The reason why ICE agents and officers failed to arrest, detain, and remove more aliens — criminals and “other immigration violators” alike — over the past four years is because the Biden administration, and then-DHS Secretary Alejandro Mayorkas to be specific, wouldn’t let them.

In September 2021, Mayorkas issued “guidelines” that tightly restricted such ICE “enforcement actions” by requiring the agency to consider various “aggravating” and “mitigating” factors before it could even investigate facially removable aliens, including criminals.

The problem is: (1) those factors don’t appear in the INA; but (2) the INA does require ICE to arrest and detain most of those criminals. Nonetheless, when Texas and other states sued the administration to force it to comply with the statutory detention mandates, Biden’s DOJ fought all the way to the Supreme Court to keep the Mayorkas guidelines in place.

“Successfully fought”, I might add, as the High Court concluded the states lacked standing.

To reassert its authority over immigration enforcement and protect states from criminals, the first bill Congress passed in its latest session was S.5, the “Laken Riley Act”, named after a Georgia student slain by an illegal migrant released under Biden.

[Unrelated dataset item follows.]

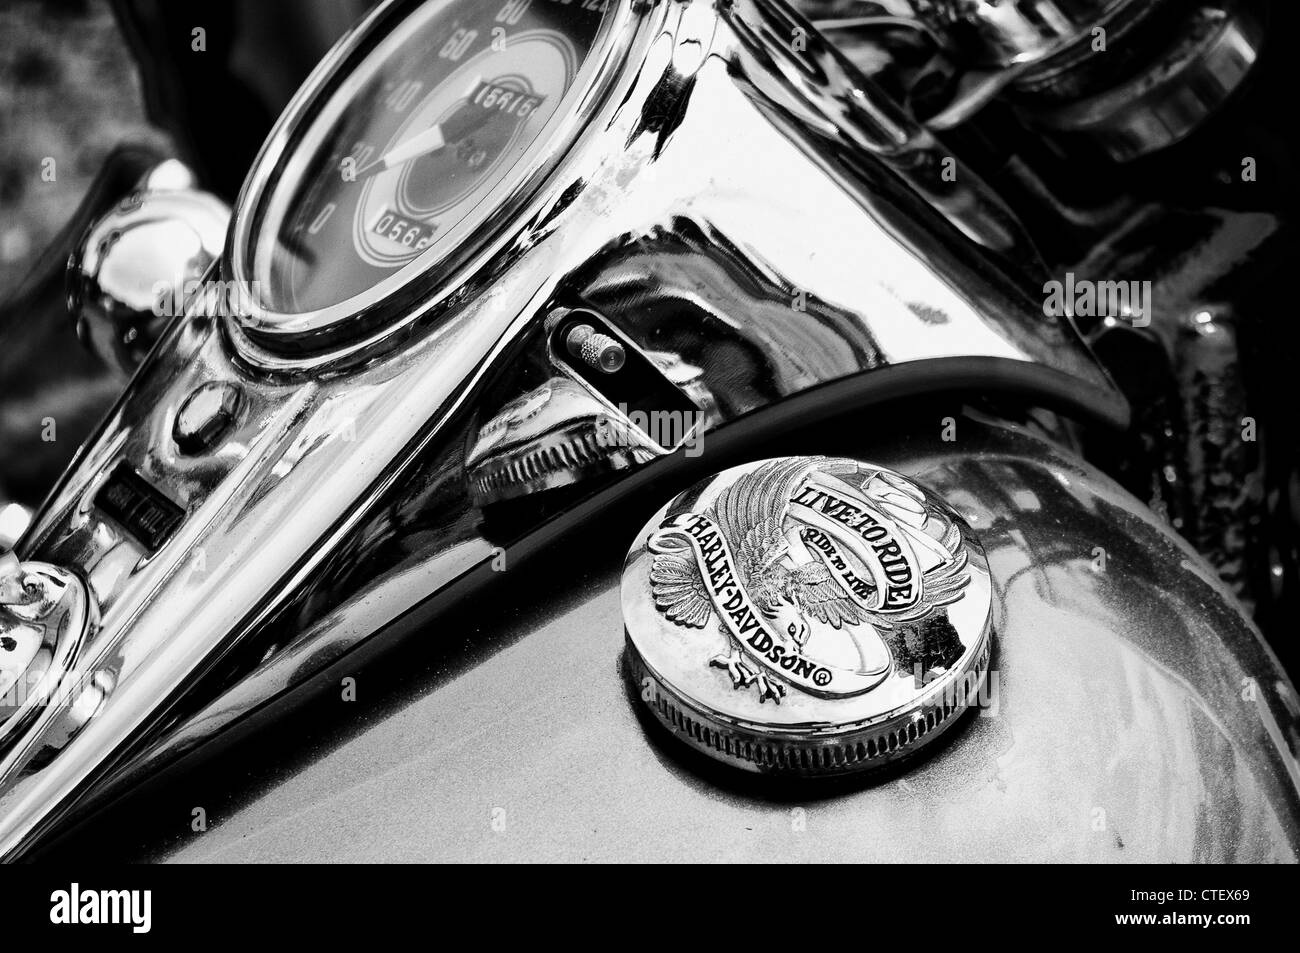 The dashboard and fuel tank cover motorcycle Harley-Davidson (Black and White) Stock Photo
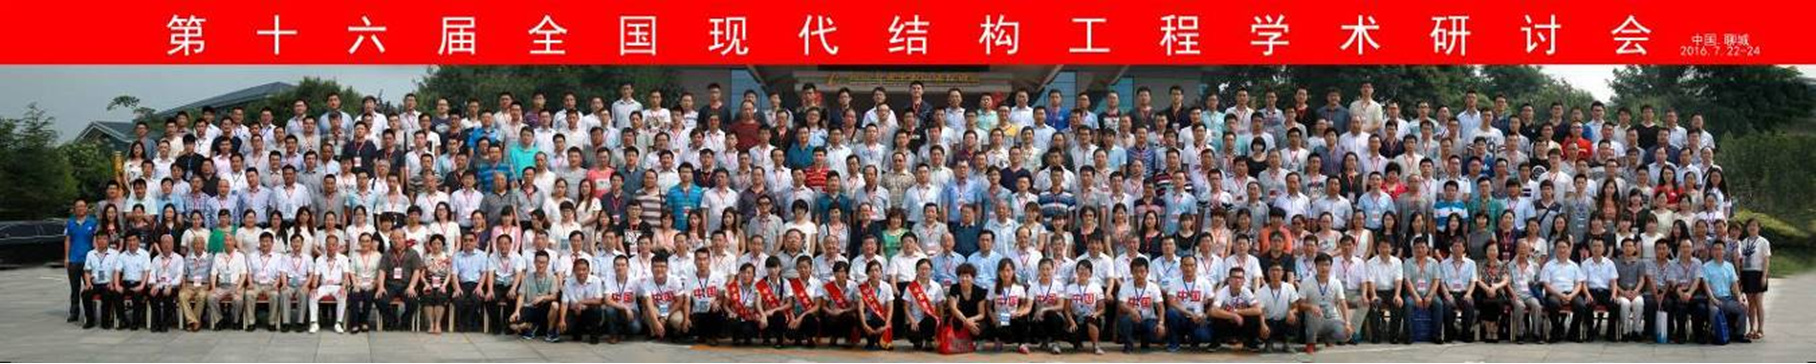 The 16th National Modern Structural Engineering Symposium hosted by Zhongtong Steel Structure was a complete success

That law grants state attorneys general standing in federal court to challenge DHS non-detention decisions, including when ICE fails to detain aliens subject to detention on criminal grounds and CBP releases aliens at the borders and ports on “parole”.

The act actually goes one step further by also requiring ICE to also arrest and detain aliens with pending criminal charges for “burglary, theft, larceny, shoplifting, or assault of a law enforcement officer offense, or any crime that results in death or serious bodily injury to another person”.

“Egregious Crimes”

One last point raised in the latest Newsweek article is that there’s no way to tell whether the criminal aliens ICE is arresting and detaining have been charged with or convicted of so-called “egregious crimes”.

Respectfully (once more), whether a crime is “egregious” or not is wholly subjective (ask any victim), but also irrelevant.

Congress decides what crimes subject aliens to mandatory detention and removal, but drunk driving (which isn’t a removable offense) is likely a more serious danger to the community than tax evasion (which is, and an aggravated felony when you cheat the government out of more than $10,000).

Statistics don’t lie, but they often need analysis. Here’s the key takeaway: Roughly two-thirds of the aliens arrested by ICE and currently detained have criminal histories, and a similar percentage of the aliens the agency has deported from its custody under Trump II, do too. Don’t believe the headlines.